Но у меня уже столько этих снадобий, что хватило бы забальзамировать всех моих одноклассниц – наверняка они теперь в этом нуждаются не меньше моего. Я останавливаюсь лишь на миг, чтобы девушка, раздающая пробники духов, прыснула на меня каким-то новым ядовитым ароматом. Похоже, мода на роковых женщин вернулась. Вероника Лейк торжествующе прокралась обратно. Снадобье пахнет сладкой виноградной газировкой. Не представляю, кого такой запах может соблазнить – разве что плодовую мушку.
– Вам самой-то нравится? – спрашиваю я у девушки. Должно быть, им одиноко стоять тут весь день на высоких каблуках, опрыскивая прохожих.
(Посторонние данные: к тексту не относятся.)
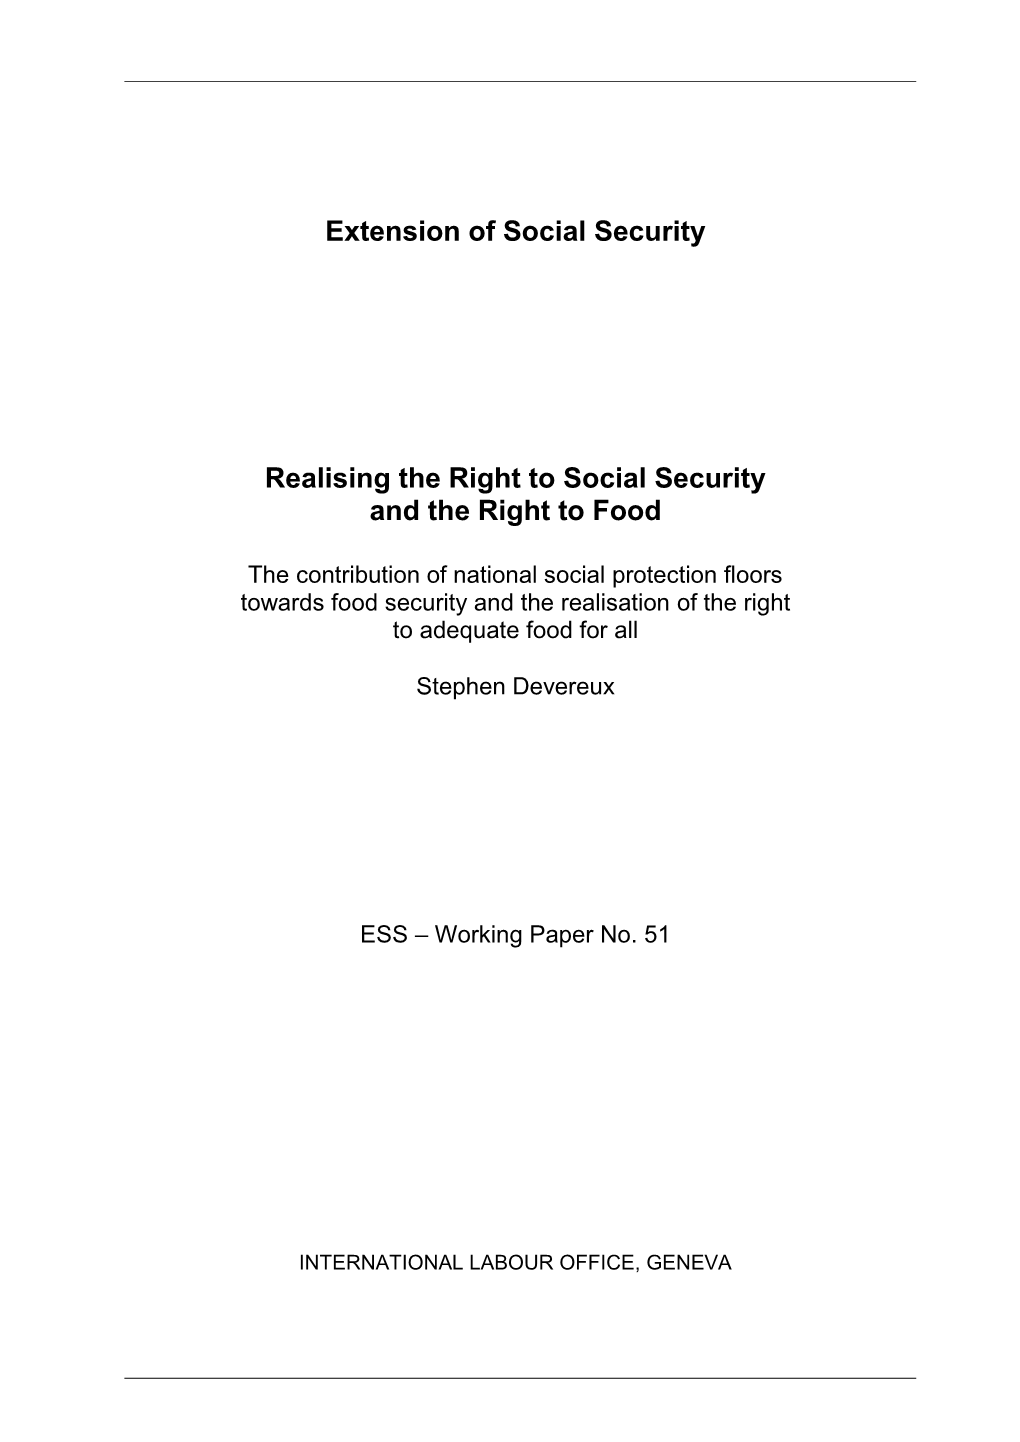 Extension of Social Security Realising the Right to Social Security and the Right to Food
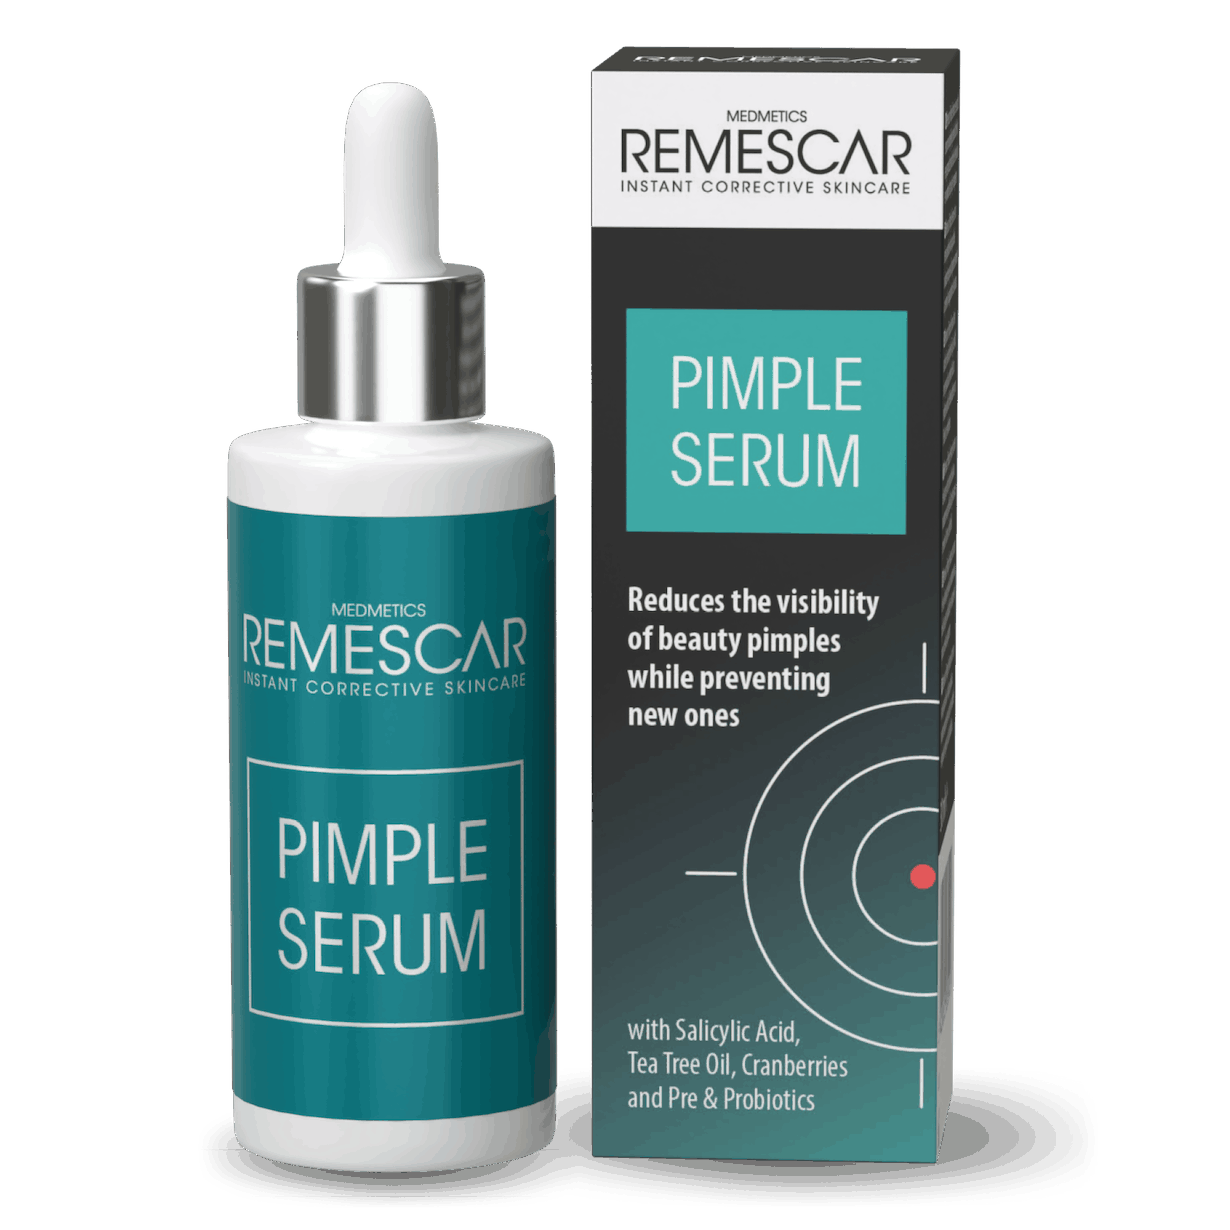 Https 3 A 2 F 2 Fremescar com 2 Fvolumes 2 Fproducts 2 Fremescar pdp pictures website and amazon 2000x2000px pimple serum

– Эти духи очень популярны, – уклончиво отвечает она. Я на миг вижу себя ее глазами: увядшая женщина, почти бабушка, но еще на что-то надеется. Я – ее целевая аудитория. Я спрашиваю, где продуктовый отдел, и она отвечает. В подвале. Я встаю на эскалатор, но еду внезапно вверх. Плохо дело, раз я начала так путать направления. Или у меня провал в памяти, и я уже побывала внизу? Я схожу с эскалатора и блуждаю меж рядами детских нарядных платьев. Кружевные воротники, рукава-фонарики, пояса-кушаки. Я помню такие платья. Многие – в клеточку: подлинные цвета шотландского тартана, словно обагренные кровью, темно-зеленые с красной полоской, темно-синие, черные. «Черная стража». Неужели те, кто придумал эти платья, забыли историю? Неужели ничего не знают о шотландцах? Ничего лучше не придумали, как одевать девочек в цвета отчаяния, резни, предательства и убийства? «Уже усеян – с новой строки – земной мой путь листвой сухой и желтой»[6]. Когда-то школьников заставляли многое учить наизусть. Впрочем, шотландская клетка была модной и в мое время. Белые носки, туфельки с ремешками, вечно не тот подарок на день рождения, завернутый в хрустящую бумагу, и девочки с оценивающими глазами, скользкими обманчивыми улыбками, одетые в шотландку, как леди Макбет.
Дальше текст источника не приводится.